Data block:

*** Block opens ***

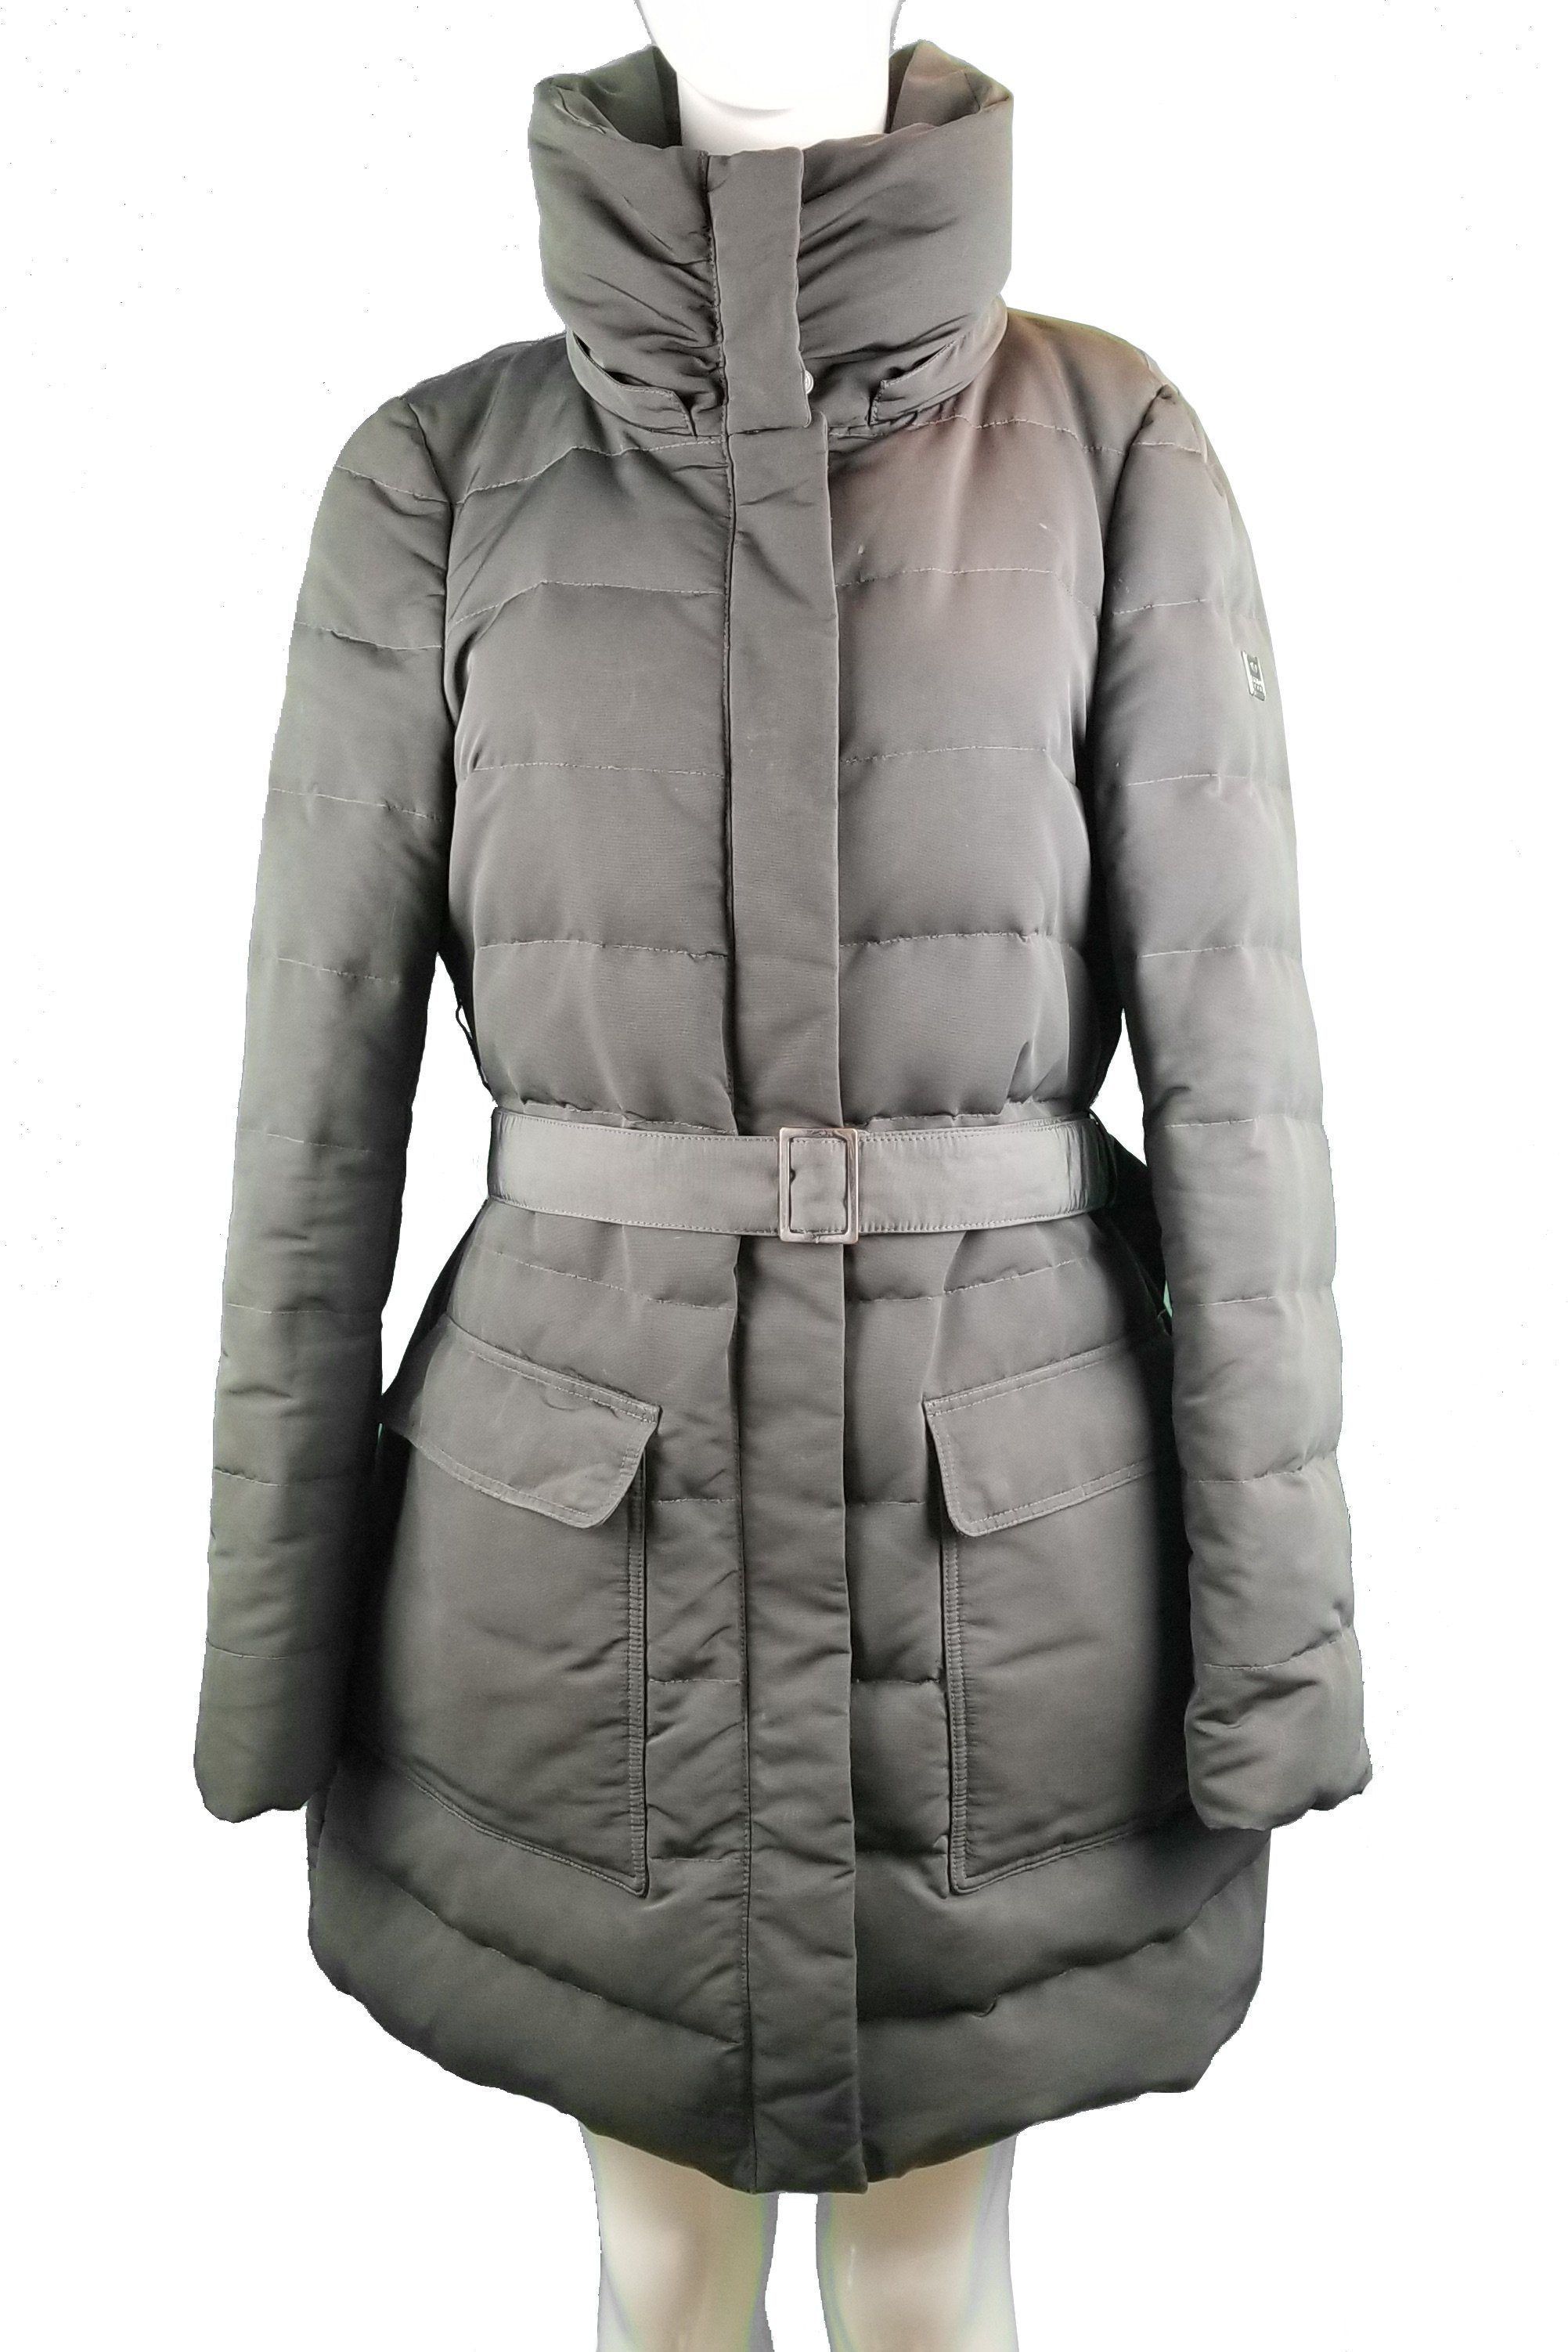 Escada Sport Down Jacket, Dressing warm doesn't have to be dull! This  winter jacket will keep you away from the cold and make you feel so stylish., Grey, Lining 100% Polyester; filling 70% Goose Down, 30% goose Quill, women's Jackets & Coats, women's Grey Jackets & Coats, Escada Sport women's Jackets & Coats, women's down jacket, women's warm winter jacket, down jacket, long winter down overcoat
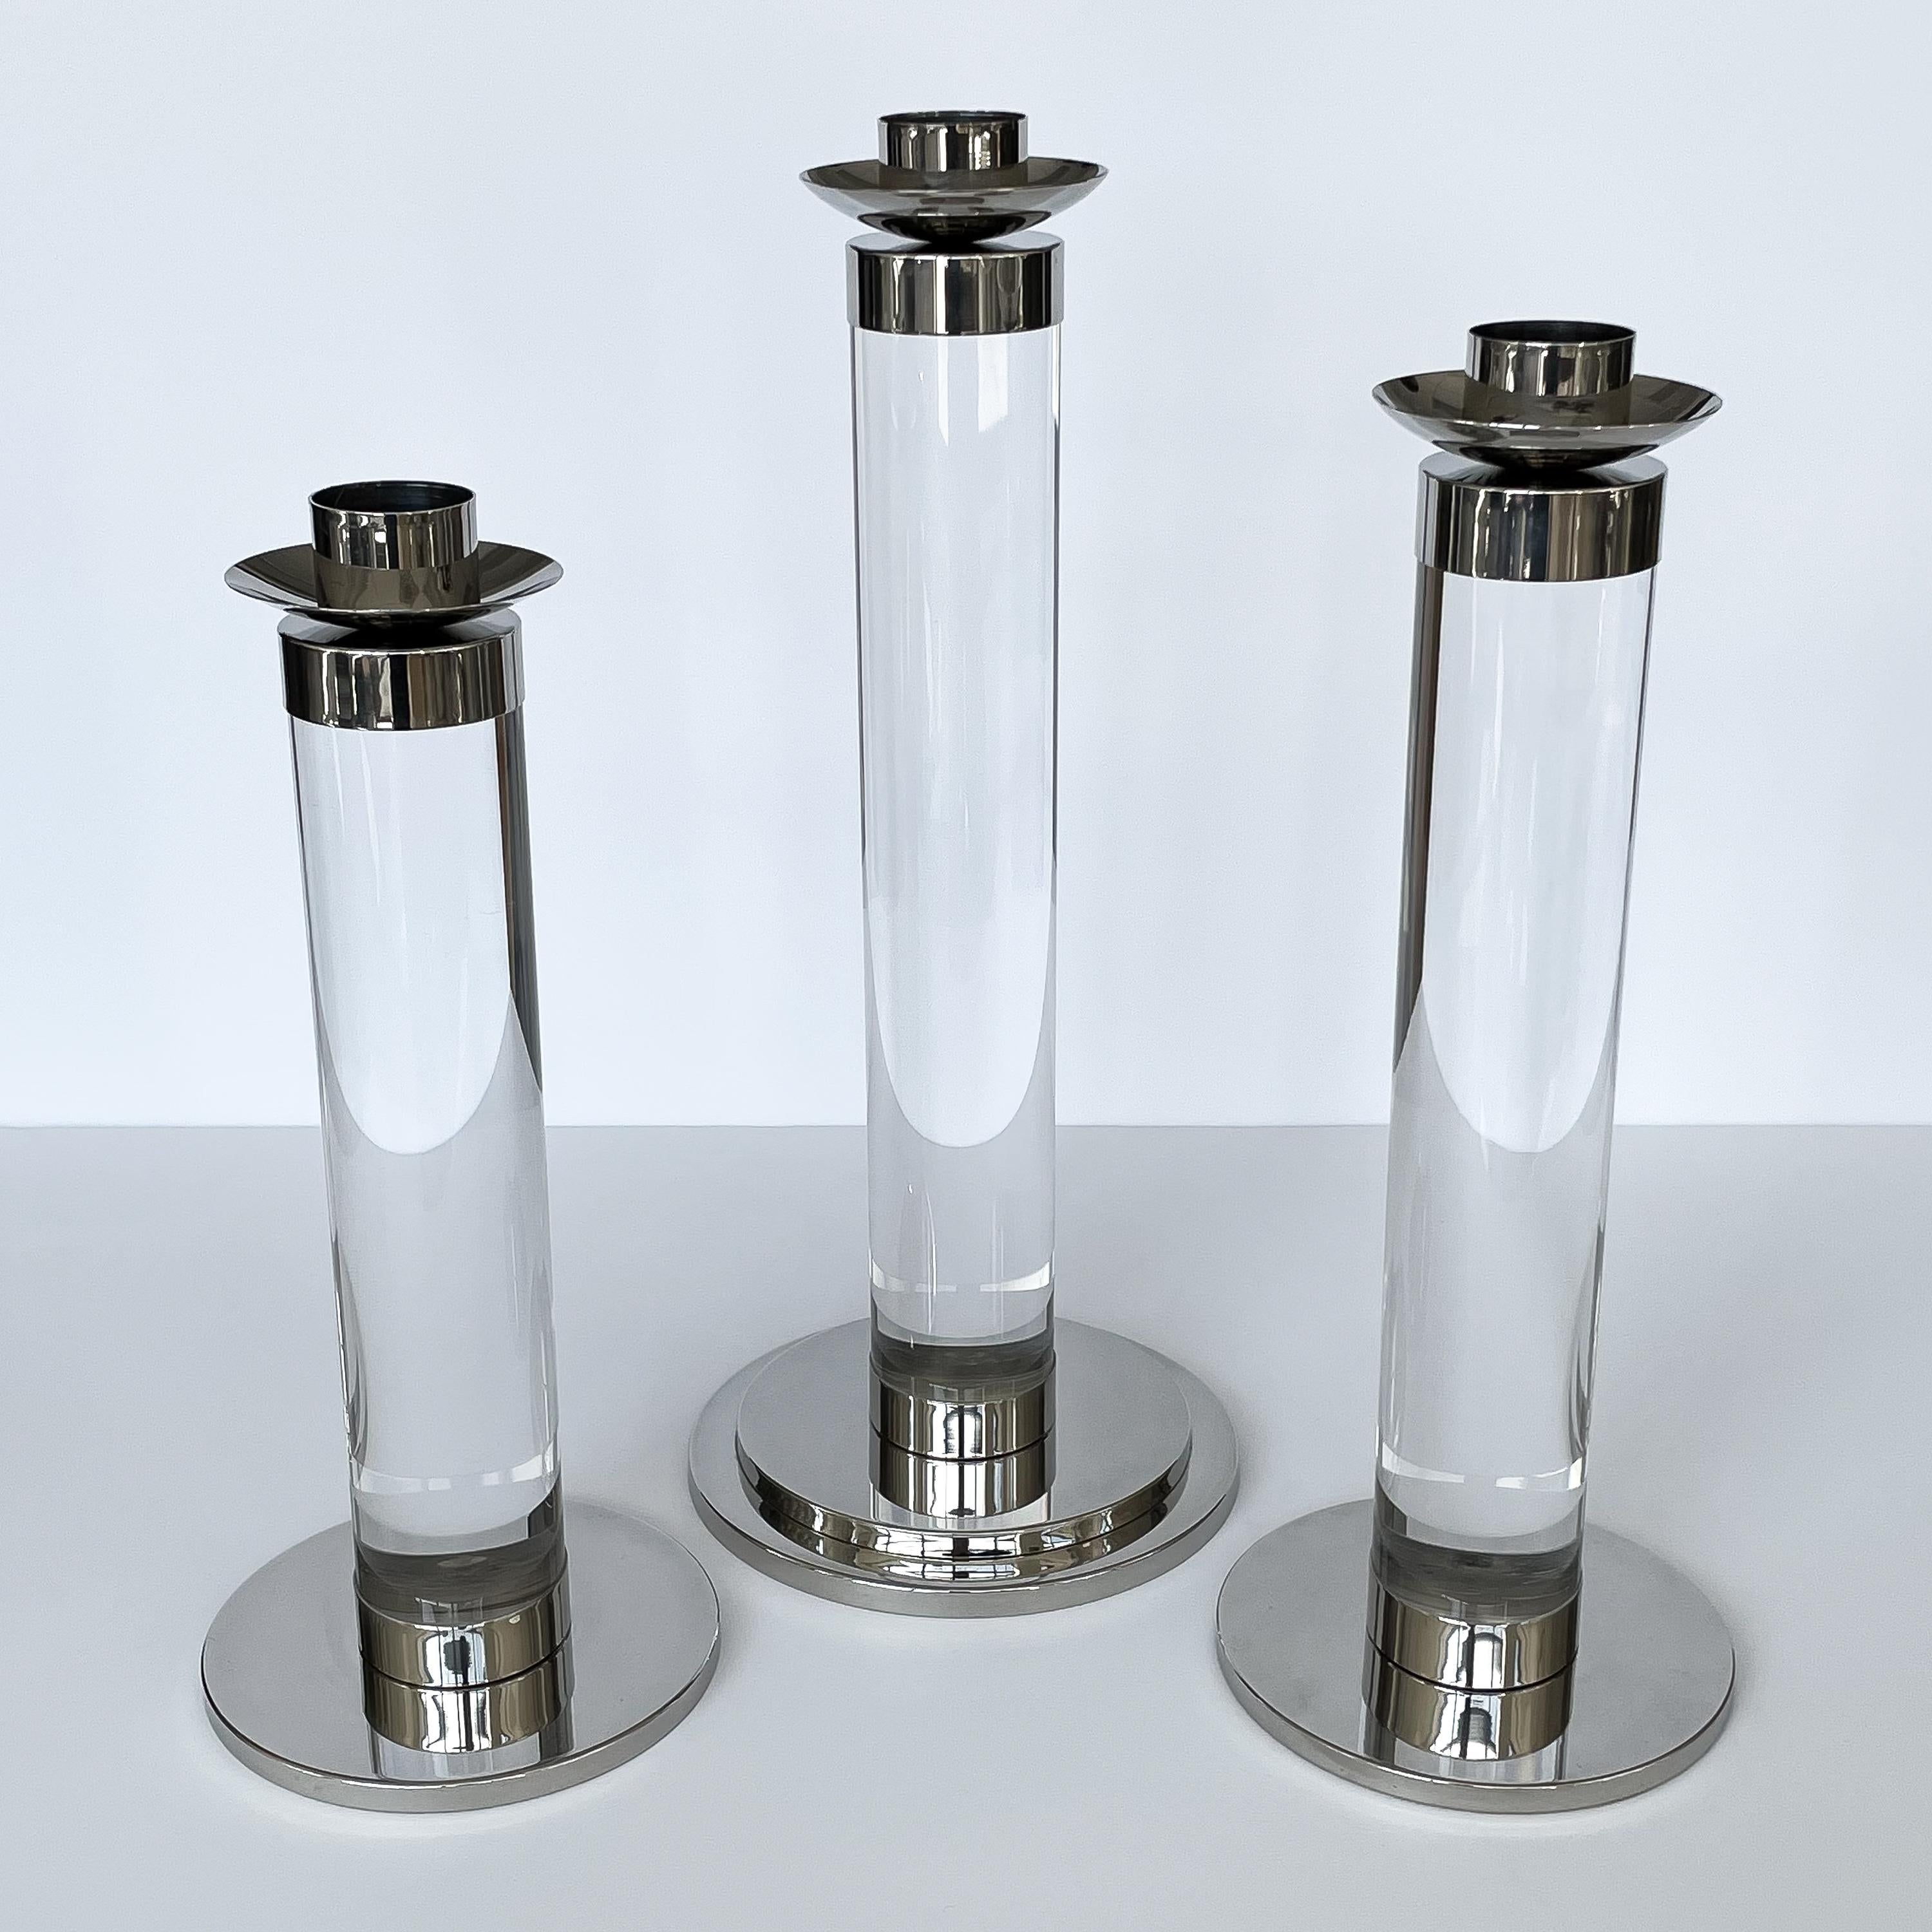 Set of three Italian large lucite and chrome candlesticks, circa 1970s. Three candlesticks in graduating heights: 18.5
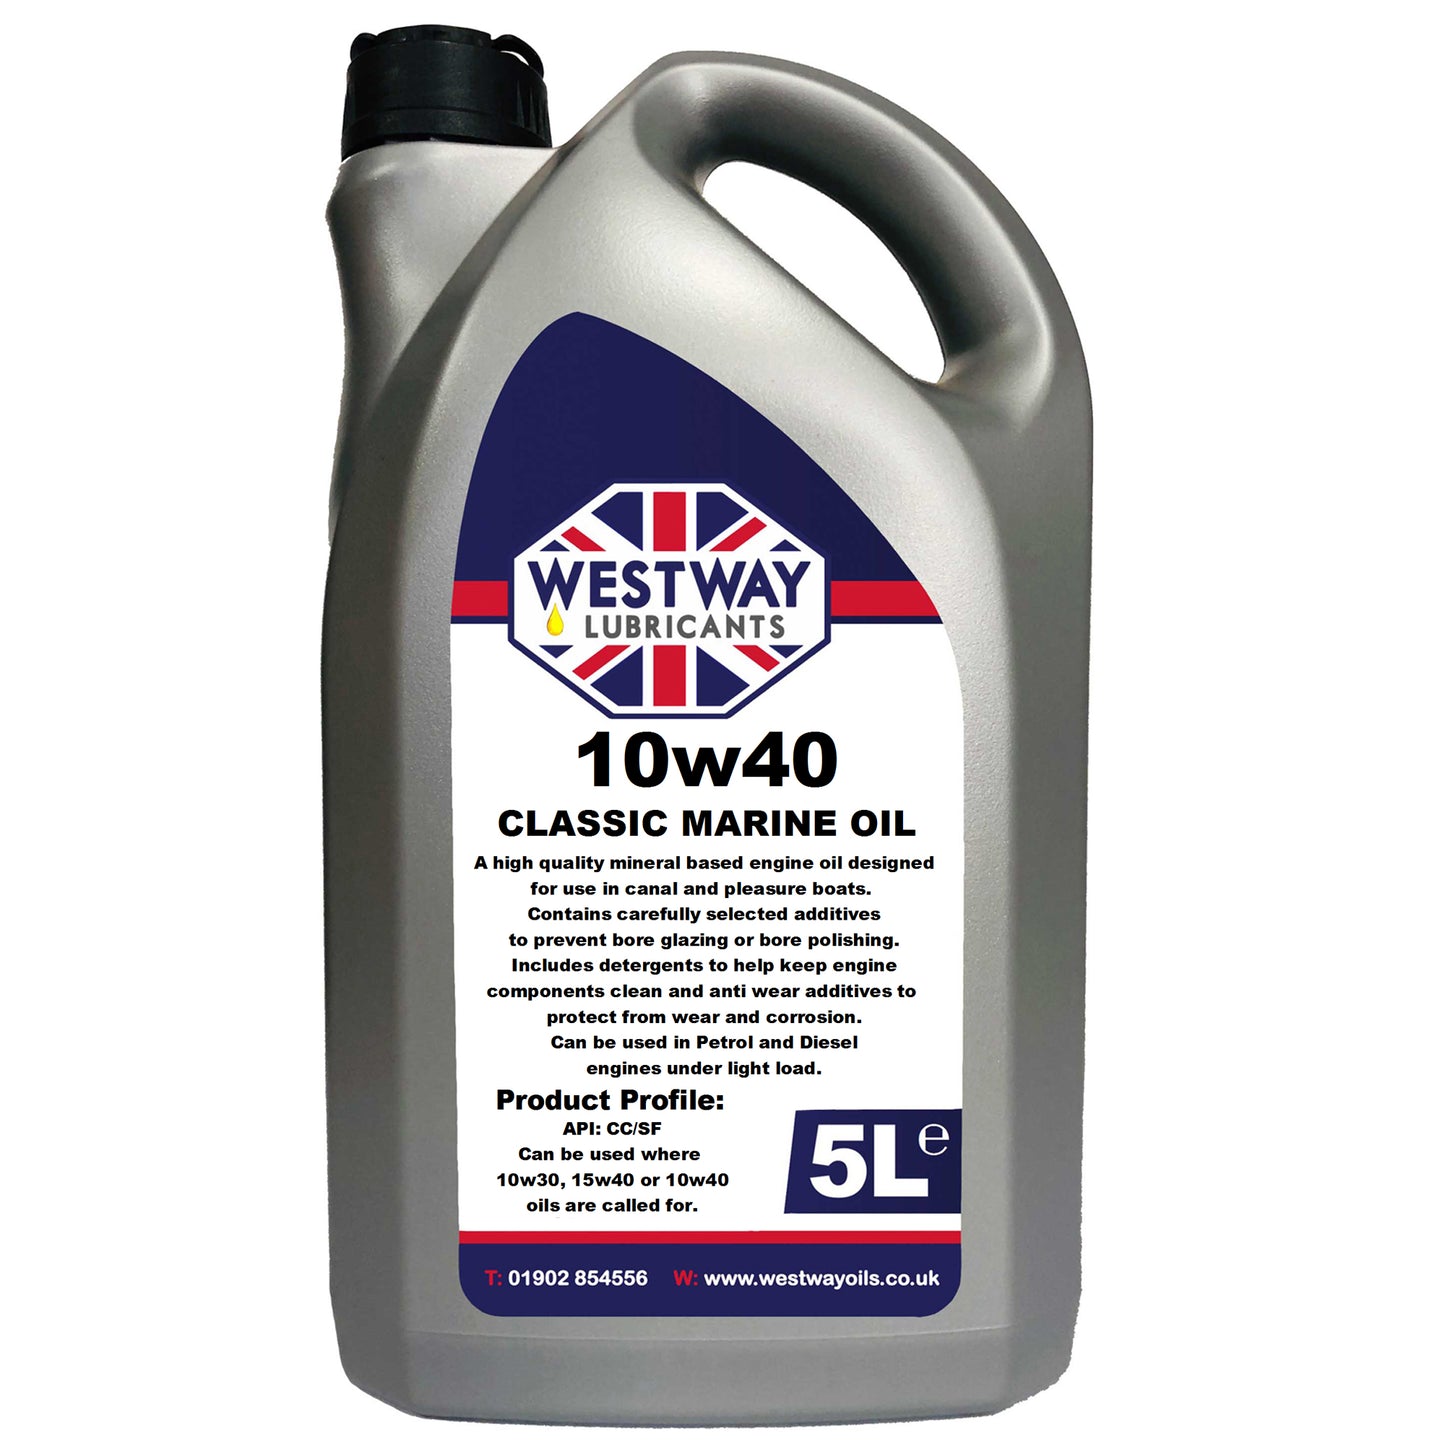 10w40 Mineral Marine Oil for Canal & Pleasure Boats

*** Block closes ***

Please reproduce, exactly and only, the lines from the line containing "Set of three" through the last line of the material above, minus any pictures.

Solution to the exercise:
 Set of three Italian large lucite and chrome candlesticks, circa 1970s. Three candlesticks in graduating heights: 18.5
 10w40 Mineral Marine Oil for Canal & Pleasure Boats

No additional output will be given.